The global gold market, freighted with politics, commercial competition and national rivalries, is complicated, far reaching and certainly deserves the space that Bloomberg afforded it. However, it deserves better than schoolboy analysis. A two-colour map of Africa that arbitrarily demarcates countries with a major gold smuggling problem with no comparisons, no data, no definitions, no numbers and no evidence, yet leaves Uganda, Rwanda, South Africa, Guinea, Tanzania, Côte d’Ivoire, Senegal, Mauritania, Egypt, Ethiopia and Namibia off the list?
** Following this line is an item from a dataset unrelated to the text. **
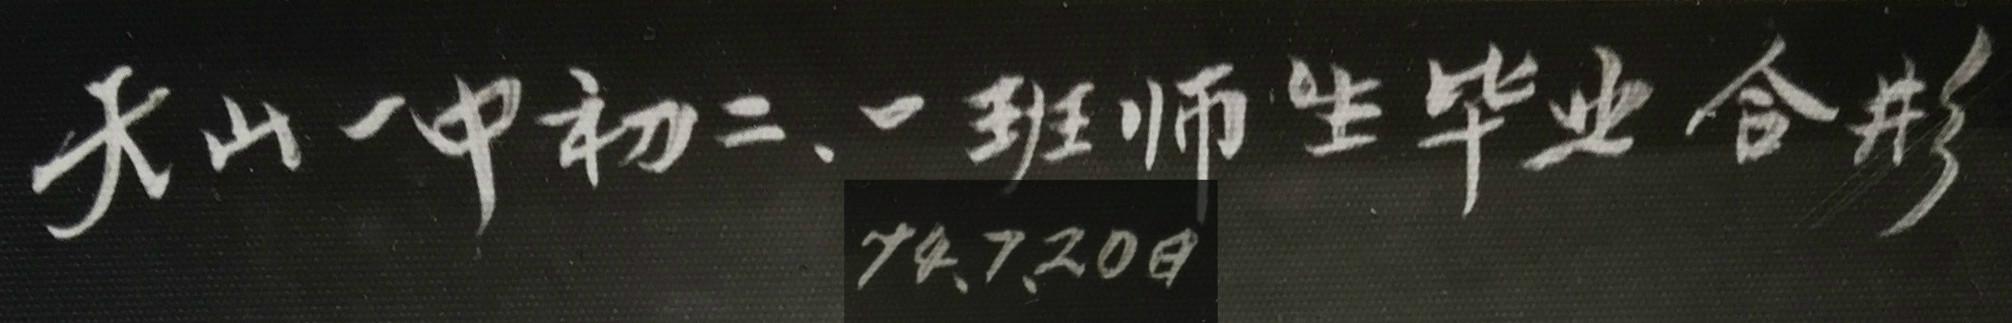 y-英存 banner

Ultimately, it suggests a less than authoritative approach and Bloomberg can and should do better. There are a total of eleven journalists credited with this tour de force. The editors might have done better to interview policy makers from the major gold producing, or supposedly exporting nations on the continent, as opposed to Nigeria which doesn’t even rank in the top 15.
For those who know the gold industry well, and are prepared to be honest, there isn’t a nation on earth which can claim to be fully clean and ethical, even if those circumstances are through no fault of their own, i.e., by falling victim to forged documentation that is indistinguishable from the real thing. There are bad actors, criminal enterprises and holes in our global systems that need to be addressed and carefully analysed as a community before we can claim meaningful progress. My concern about this article and its Dubai-bashing agenda does not blind me to the constant need to review and – where necessary – reform. The DMCC, which I serve as Executive Chairman and CEO has not just been in the vanguard of calls to stop the hand-carry of gold doré, a traffic that is wide open to abuse, but an integral part of the UAE’s complete reform and restructure of gold and bullion trading which will come into operation later this year. We have long embraced the OECD standards and are determined to lead the world in ethical, efficient gold markets. We expect fair competition and welcome informed criticism, however, the subject is too important for holiday journalism.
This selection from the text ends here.